On Thu, 17 Jul 2008 13:17:42 +0100, Sleepalot wrote:

I was thinking about the greenhouse effect, and this question
occured to me: in the space around me, what's more common,
atoms or photons?

Answer: atoms.

All we need here are rough numbers - an order of magnitude or two is
close enough.
The space around you is a box roughly 2m x 1m x1, =2m3.
As has been stated 1 mole (6e23) of air weighs about 30g, and we
know that 1m3 of air weighs about 1000g, so the space around you
contains ~ 60 moles of air, or 6e23 * 60 approx 4e25 molecules.

My astro camera (to keep it on topic) has a sensitive area of about
6mm x 6mm or 4e-6 m2. It has a well-depth of about 40,000 photons
and a QE of about 0.5 and contains 1million pixels, so each pixel
has an area of 4e-6 / 1e6 ~ 4e-12m2.
During daytime, I'd guess the sensor gets saturated in about 1mSec
So the photon flux is 4e4 photons per pixel in 1e-3 sec, or 4e7
photons per second, but double this for the 50% quantum efficiency
gives us 8e7 (call it 1e8 photons per pixel per second.)
Now multiply this by the number of pixels per square metre (1/4e-12)
gives us a flux of 2.5e19 photons per sq. metre per second.

Assume all the photons come from above (it keeps the maths simple, but
the direction doesn't matter), then the number of photons in your 2m
high box is the flux multiplied by the time they take to travel
2metres - which is 2 / 3e8 = 7e-9 seconds.
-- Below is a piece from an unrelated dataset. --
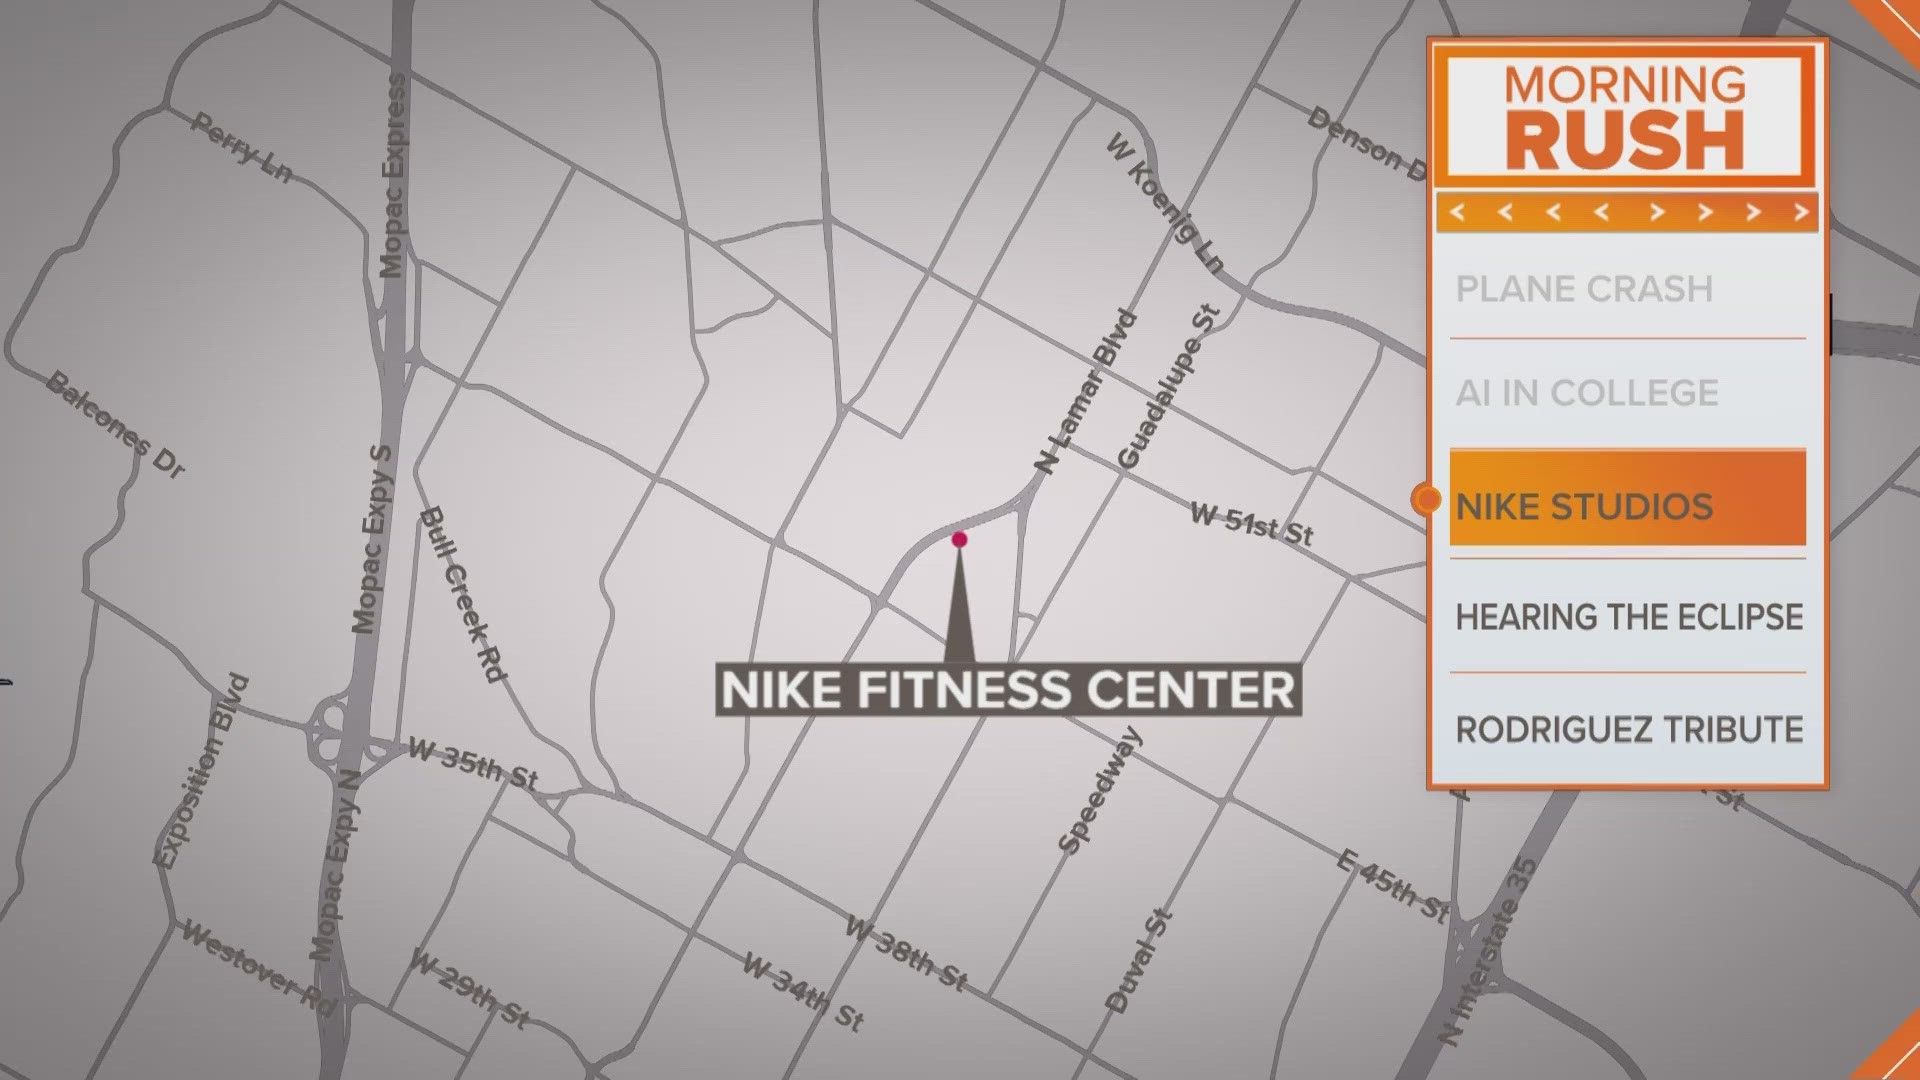 Nike plans to open its first fitness center outside California right here in Austin.

Multiply this by the flux
gives a result of 7e-9 * 2.5e19 is roughly 2e11 photons in your "box"
at any one time.
Let's double that to allow for all the non-visible photons and double it
again for the hell of it. The number of photons is still a long way
short of the number of molecules.
At night it's even less.


Hello Peter, thanks for the reply - which I'm pleased to
say I got the jist of. I liked your method - using your camera
as a photon counter.

So, we've got e11 photons in e25 molecules, and that's
1 photon in e14 molecules - it's amazingly low, but there'll
be another one along in an instant.

Right, so if I head off towards the Sun for about 100 miles
I'm going to run out of molecules in my 2m3 while retaining
a broadly comparable photon density, yes?